All of the listing below must be repeated word for word. Pictures are the only thing to omit.

**COLLECTED DATA:**
*****

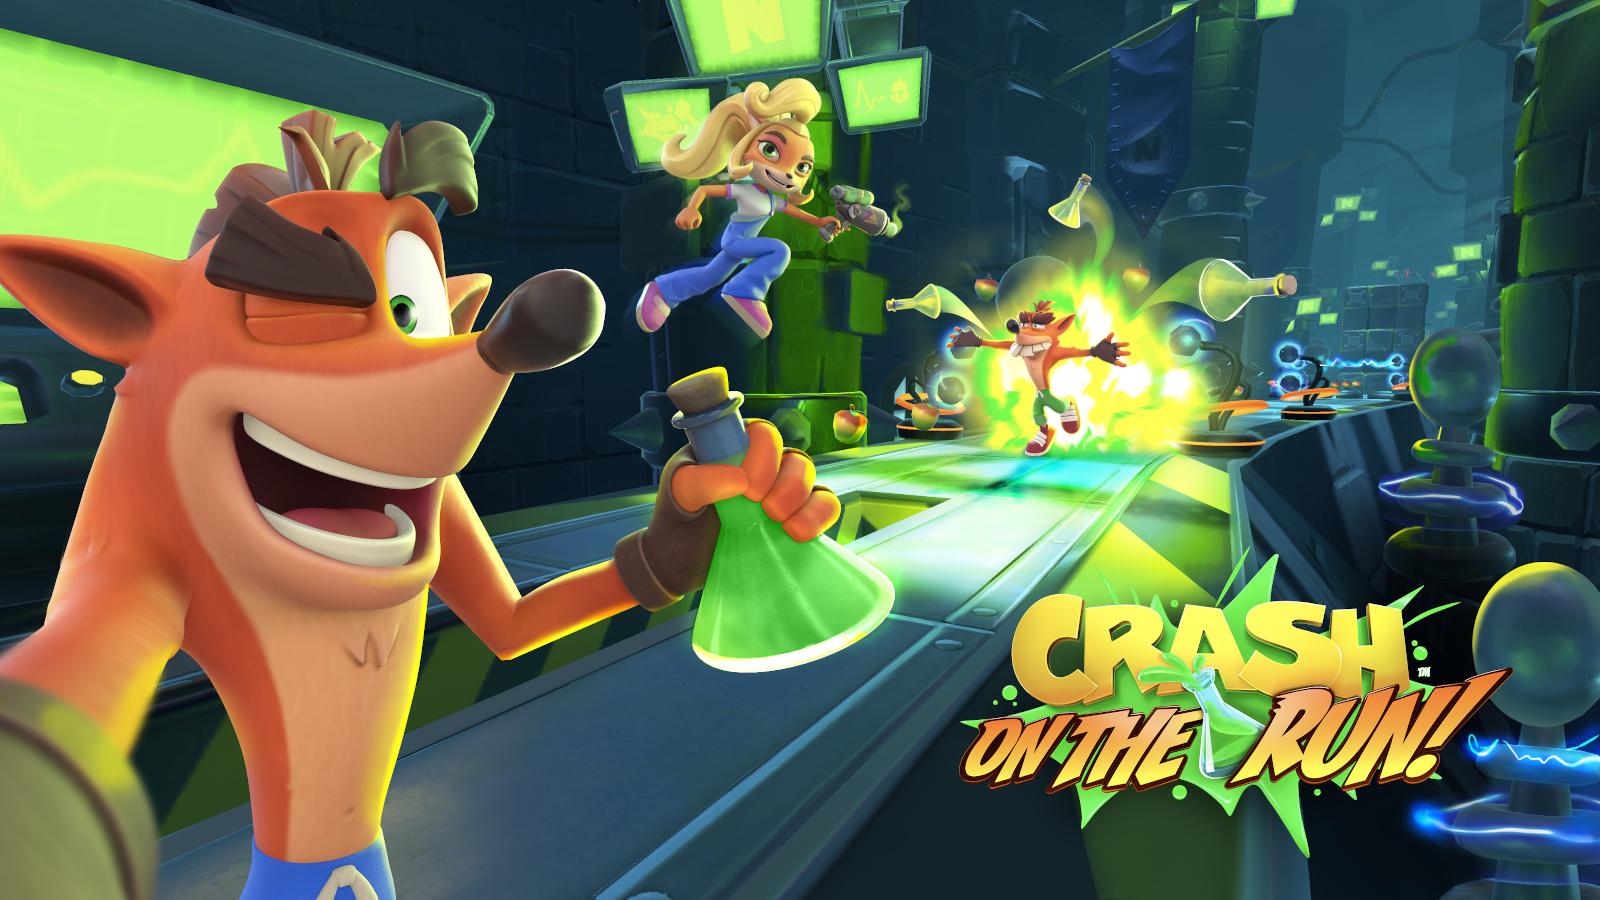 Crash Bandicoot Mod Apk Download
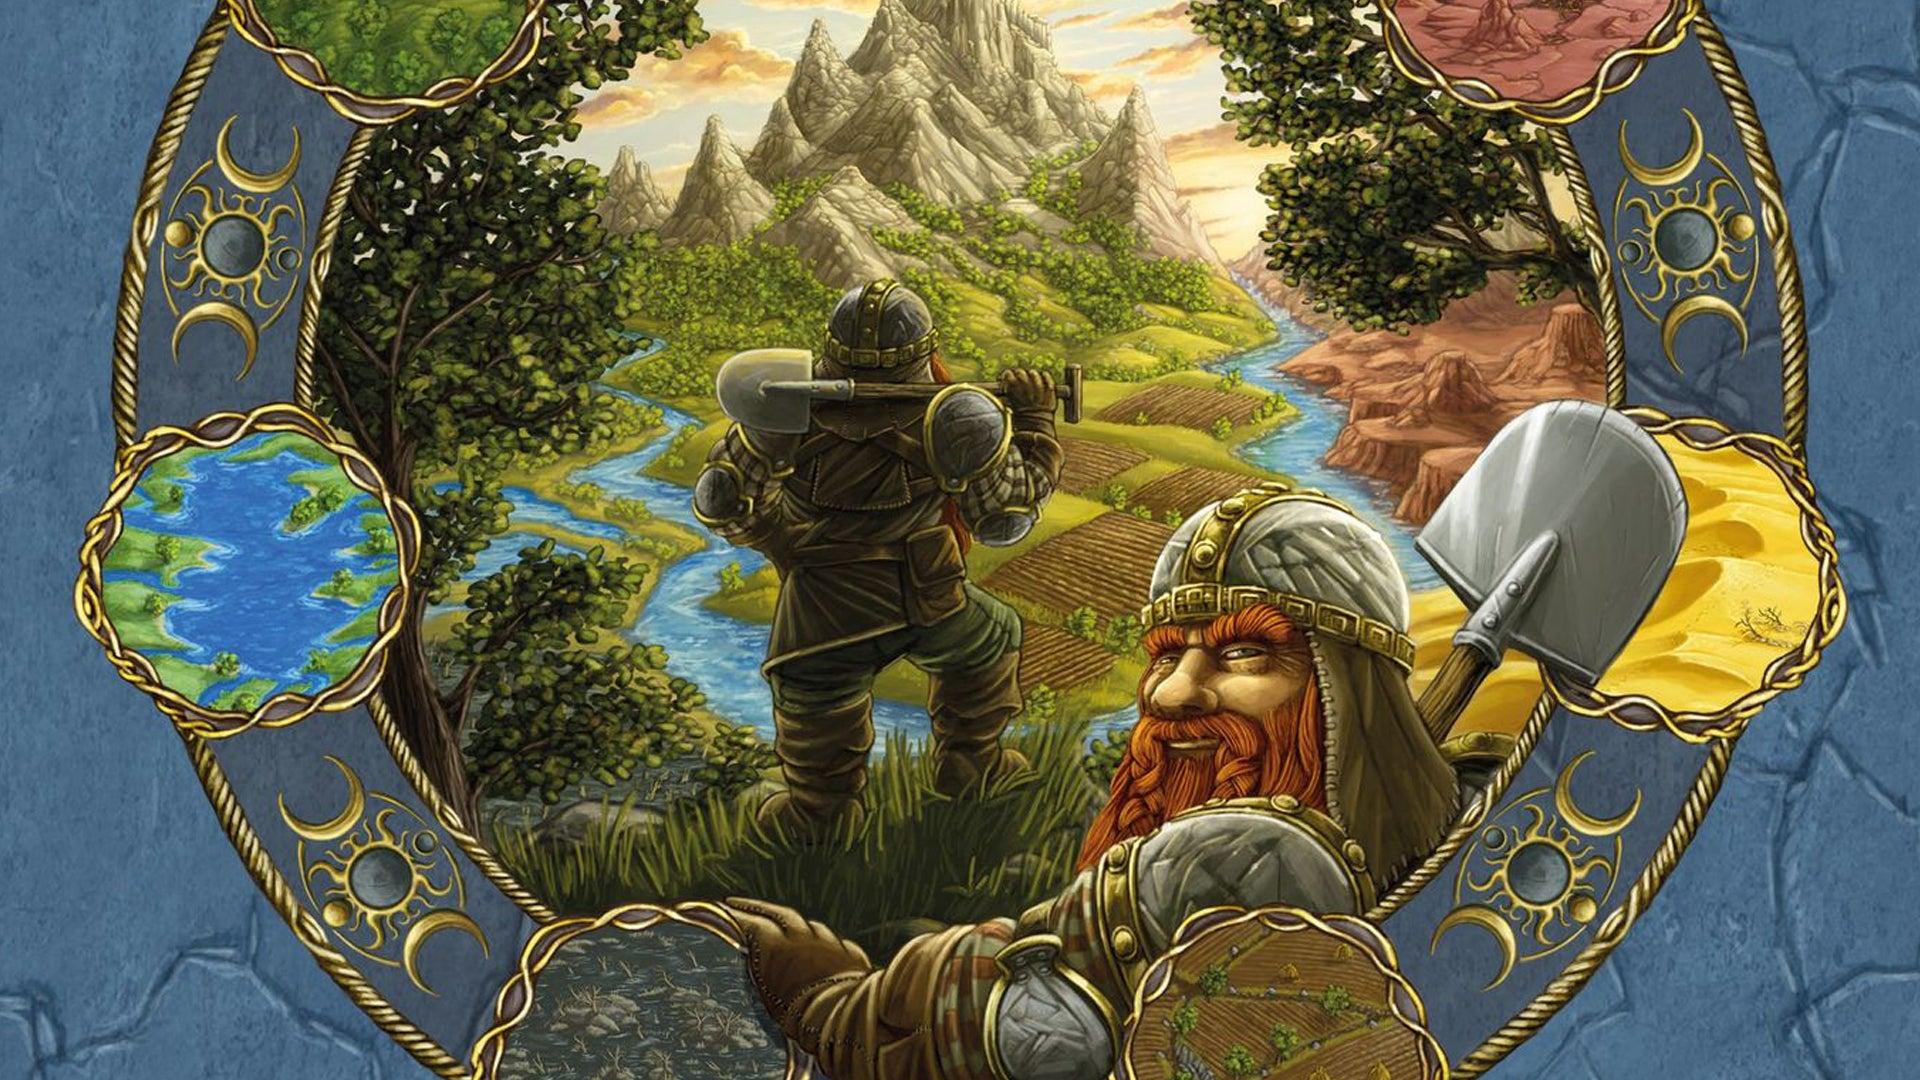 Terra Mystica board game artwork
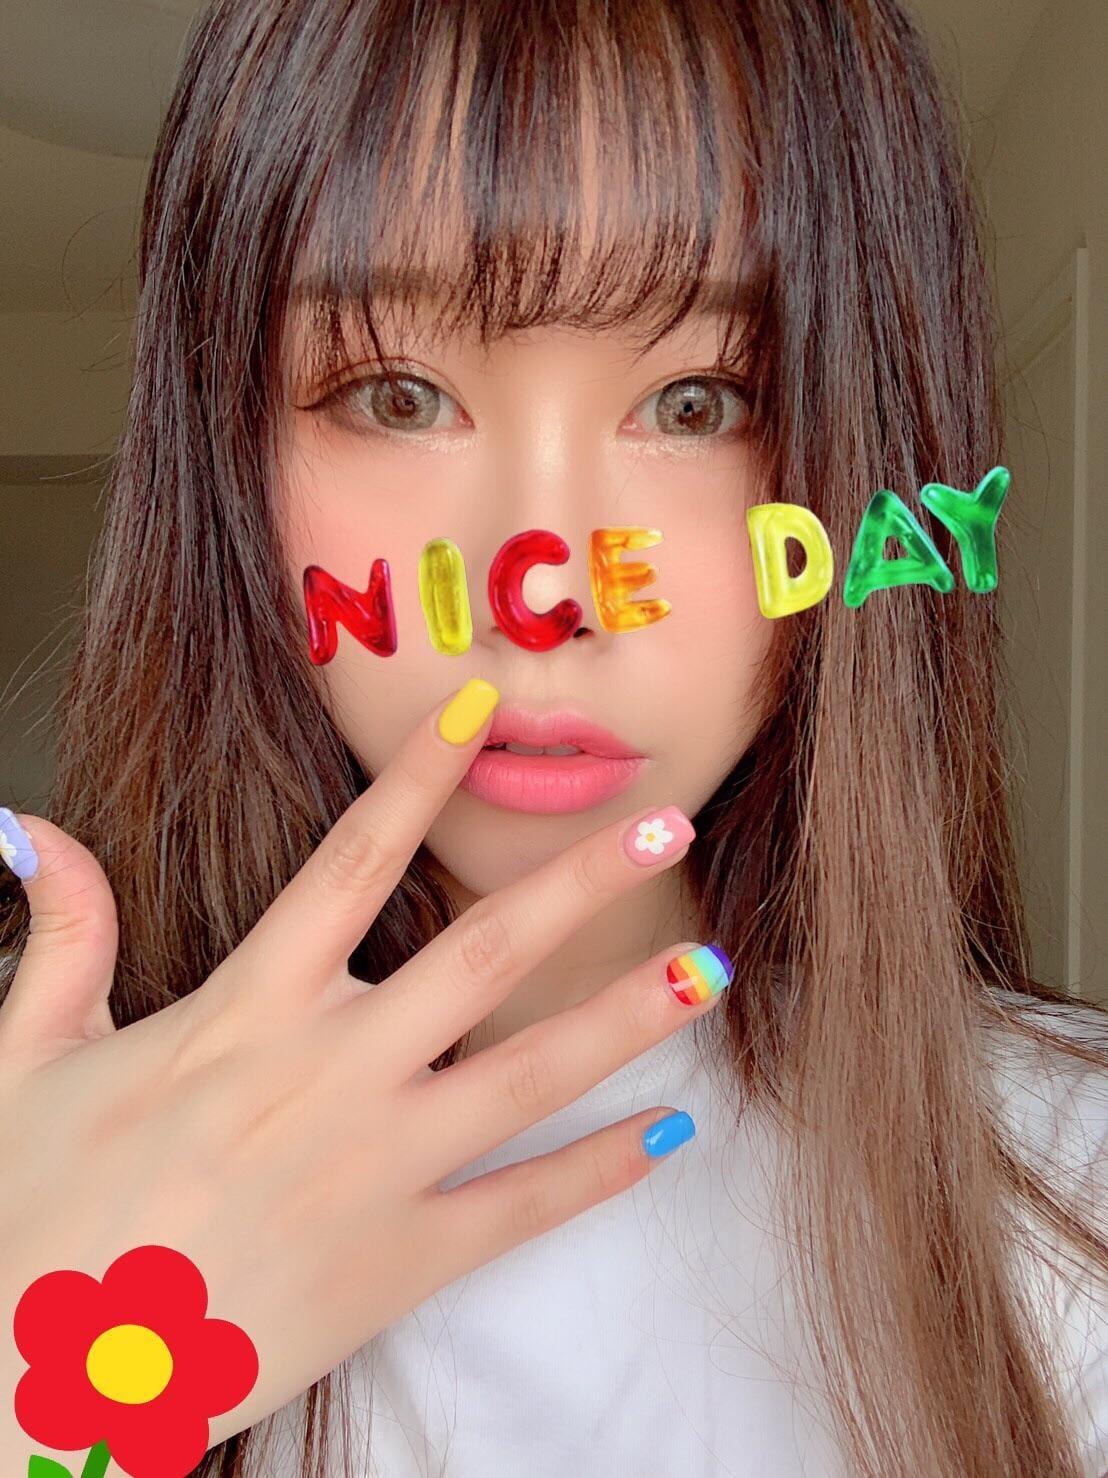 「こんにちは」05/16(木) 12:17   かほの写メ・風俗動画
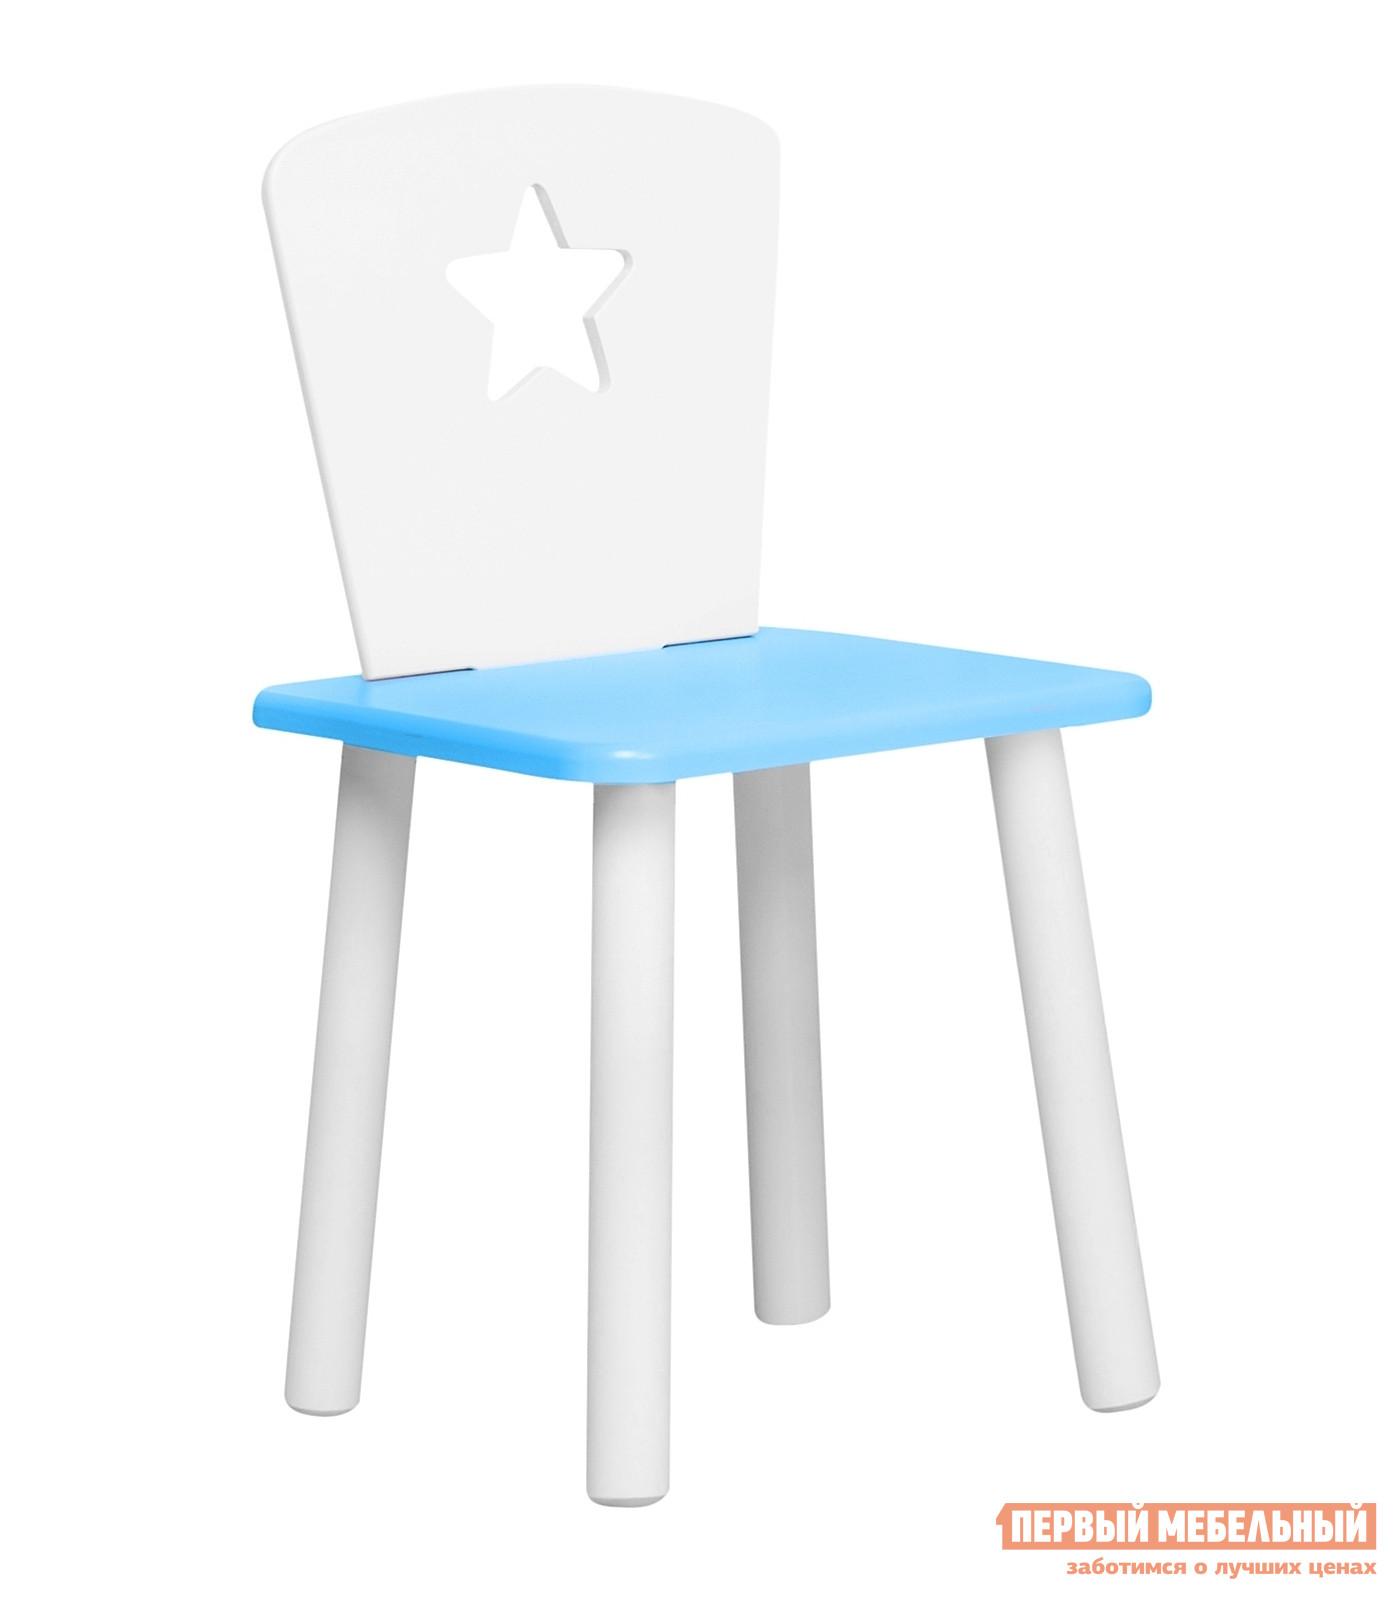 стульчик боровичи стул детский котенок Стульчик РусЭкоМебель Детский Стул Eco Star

*****

**EXERCISE RESPONSE:**
 Crash Bandicoot Mod Apk Download
 Terra Mystica board game artwork
 「こんにちは」05/16(木) 12:17   かほの写メ・風俗動画
 стульчик боровичи стул детский котенок Стульчик РусЭкоМебель Детский Стул Eco Star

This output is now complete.